Il y a quelques années encore, la plupart des jeunes parents jetaient leur dévolu, au rayon soins pour bébé, sur un flacon jaune ou bleu et blanc, dont les odeurs rappelaient immanquablement celle de leur propre période couches-culottes. Aujourd’hui cependant, la donne a changé et des marques comme Zwitsal, Mustela et Galenco doivent faire face à la concurrence de labels plus verts, plus propres… mais aussi plus chers, comme Dr. Barbara Sturm, Minois, Chantecaille Bébé, Naïf ou Most Gentle. Faisant fi des tarifs, de nombreux papas et mamans sont prêts à mettre la main au portefeuille, convaincus (parfois bien à tort) que ces produits sont plus doux et plus sûrs pour la peau des mômes que leurs équivalents traditionnels.

Inutile d’ajouter à l’eau des shampoings et savons qui abîmeront la couche adipeuse qui protège la peau.

Cette tendance n’a pas échappé à Ciska Dings, qui propose, sur sa boutique en ligne Things by Dings, une gamme de cosmétiques la plus naturelle possible. « Les femmes soucieuses de ce qu’elles appliquent sur leur propre peau le seront à plus forte raison pour leurs enfants. Elles veulent des produits parfaitement adaptés à l’épiderme du bambin ou du jeune ado et sont d’accord d’y mettre le prix. »

Préserver la peau

D’après le bureau d’études de marché Mintel, les trois quarts des mères dépensent même plus volontiers de l’argent en soins pour leurs kids que pour elles-mêmes.
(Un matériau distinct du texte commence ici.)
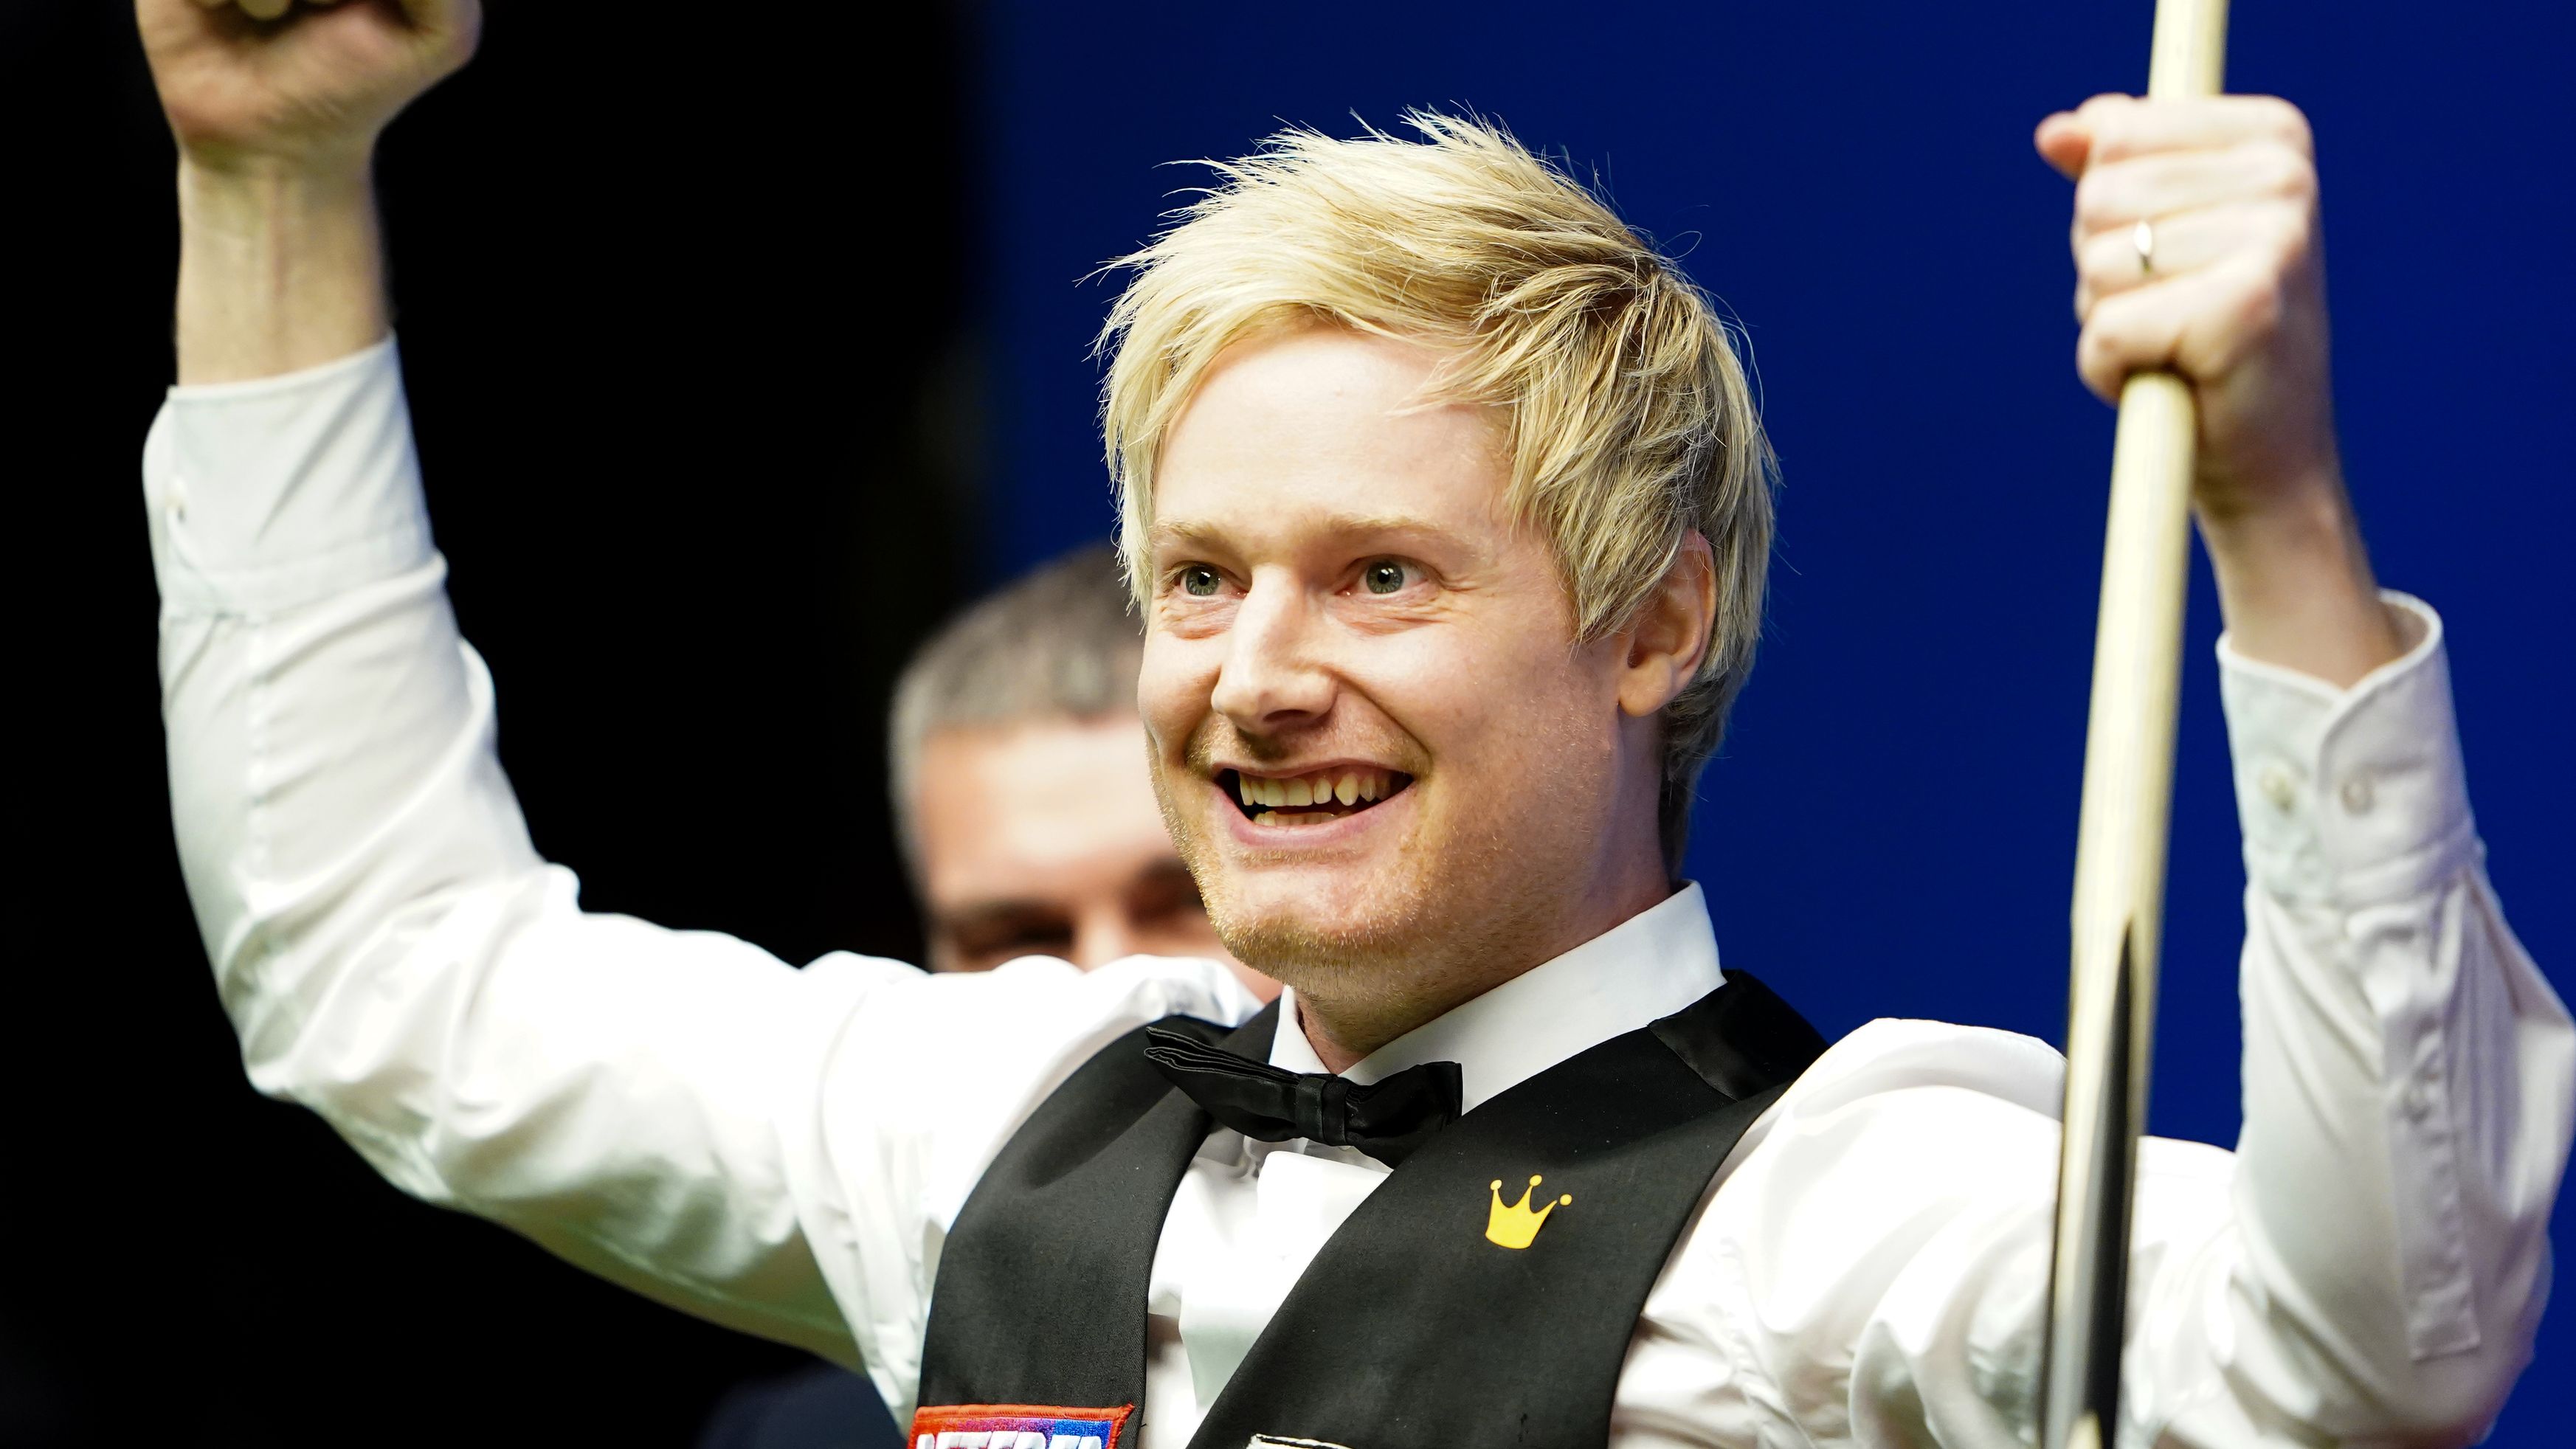 Australia&#x27;s Neil Robertson celebrates making a 147 against England&#x27;s Jack Lisowski during day 10 of the World Snooker Championships at The Crucible, Sheffield.

Le secteur de niche des produits de soins pour enfants et bébés représente environ 3,6 milliards de dollars au niveau mondial, se compose à environ 45% d’articles haut de gamme et a connu une croissance de près de 9% en 2018. Pour le reste, c’est une copie miniature de la version adulte: une course aux formules de plus en plus naturelles et souvent « sans » divers ingrédients comme les parabènes ou les huiles minérales. La tendance s’observe d’ailleurs aussi chez les acteurs traditionnels: Zwitsal, par exemple, a lancé en 2018 une gamme Naturals, à base de formules naturelles à 98% au moins et exempts de parabènes, de savon, de colorants et de SLES (un agent moussant).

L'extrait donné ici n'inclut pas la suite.